Relation between bronchial responsiveness to inhaled leukotriene D4 and markers of leukotriene biosynthesis

P Gyllfors1, M Kumlin2, S-E Dahlén2, F Gaber2, P-O Ehrs2,3, B Dahlén4

1 Division of Respiratory Medicine, Department of Medicine at Karolinska University Hospital Solna, Centre for Allergy Research at Karolinska Institutet, Stockholm, Sweden
2 Division of Physiology, The National Institute of Environmental Medicine, Centre for Allergy Research at Karolinska Institutet, Stockholm, Sweden
3 Family Medicine Stockholm, Department of Clinical Science, Centre for Allergy Research at Karolinska Institutet, Stockholm, Sweden
4 Division of Respiratory Medicine, Department of Medicine at Karolinska University Hospital Huddinge, Centre for Allergy Research at Karolinska Institutet, Stockholm, Sweden

Correspondence to:
Correspondence to:
Dr B Dahlén
Division of Respiratory Medicine, Department of Medicine, Karolinska University Hospital Huddinge, SE-141 46 Stockholm, Sweden; Barbro.dahlen{at}medhs.ki.se

Background: While clinical trials with antileukotrienes have shown overall beneficial effects in asthma, the factors that determine leukotriene dependent asthma are still unclear. A study was undertaken to determine whether or not leukotriene responsiveness in the airways correlates with endogenous leukotriene biosynthesis.

Methods: Bronchial responsiveness to leukotriene (LT) D4 was assessed as PD20FEV1 in 20 subjects with mild asthma and 10 healthy controls, and compared with bronchial responsiveness to methacholine and two global measures of leukotriene production—urinary LTE4 and ex vivo production of LTB4 in whole blood.

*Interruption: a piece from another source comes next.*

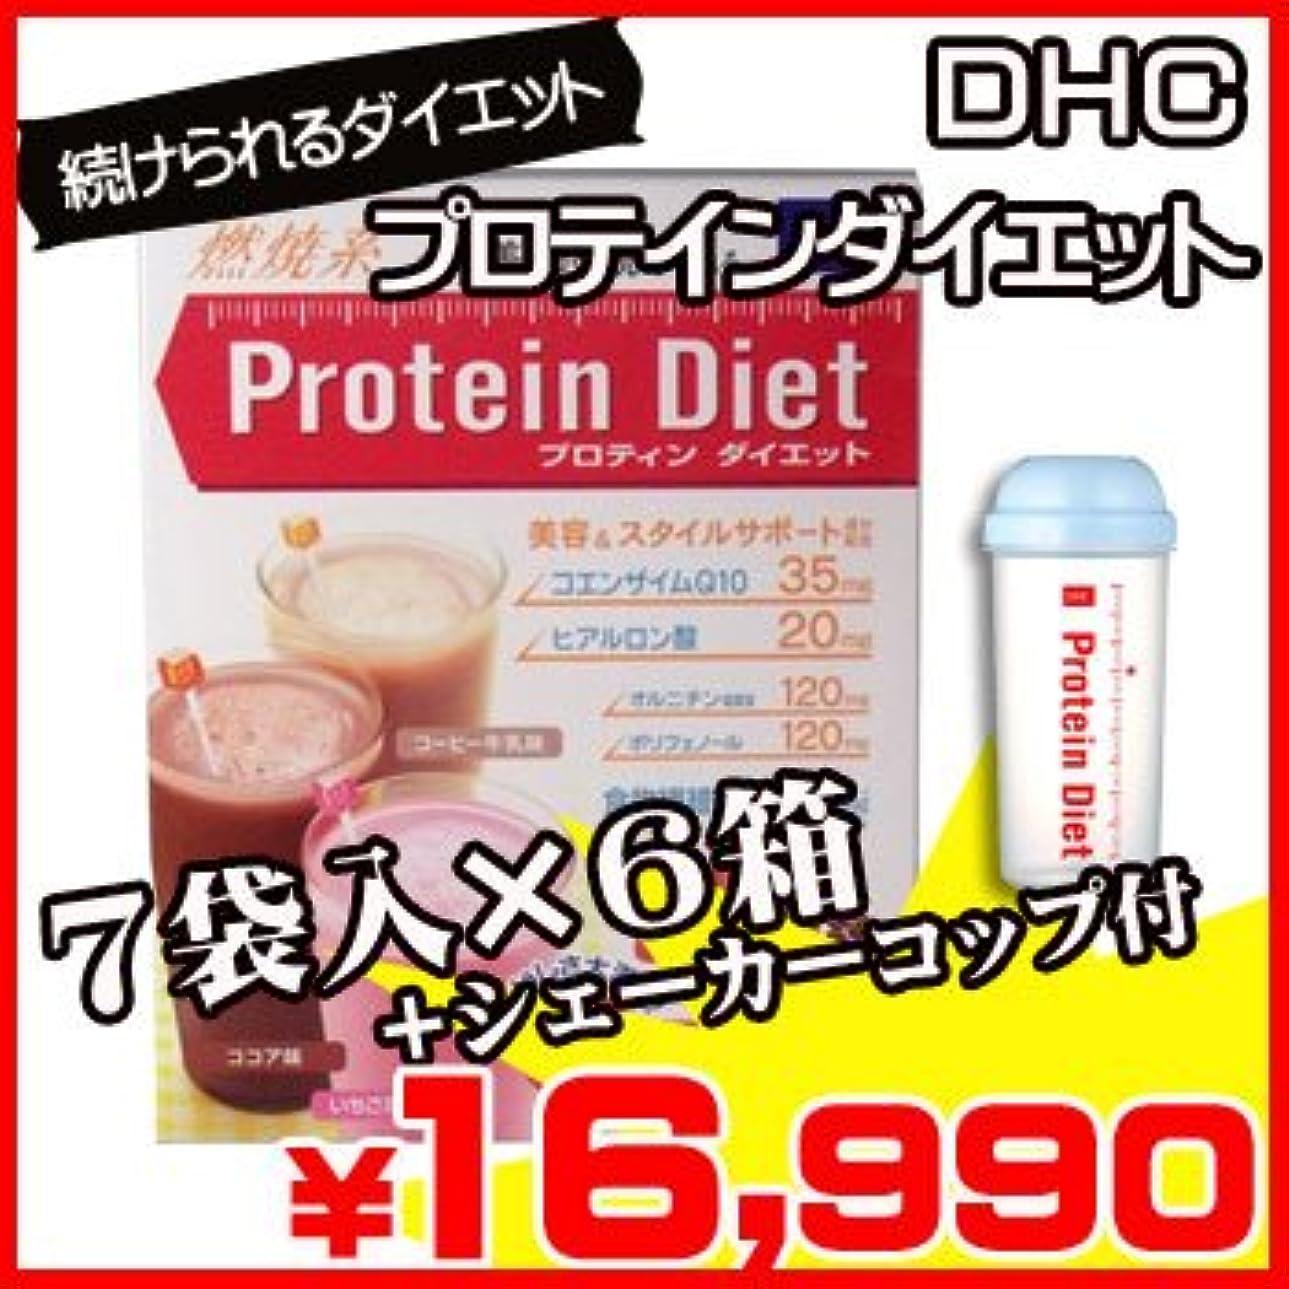 不毛主要な再びDHC プロティンダイエット 7袋入×6箱 シェーカー コップ付セット(プロティンダイエット開始セット)

Results: In patients with asthma the bronchoconstrictor activity of LTD4 was about 1300 times greater than methacholine (geometric mean PD20 0.69 nmol v 887 nmol). Those who were most responsive to LTD4 were relatively less responsive to methacholine (p<0.01). There was, however, no correlation between bronchial responsiveness to LTD4 and urinary LTE4 or blood ex vivo LTB4 levels in asthmatic subjects or healthy controls. Subjects with asthma treated with inhaled corticosteroids produced higher levels of LTB4 (p<0.05).

Conclusions: General measures of leukotriene production cannot predict bronchial responsiveness to LTD4. The unique bronchoconstrictive potency of LTD4 on human airways may relate to the locally regulated expression of the cysteinyl LT1 receptor.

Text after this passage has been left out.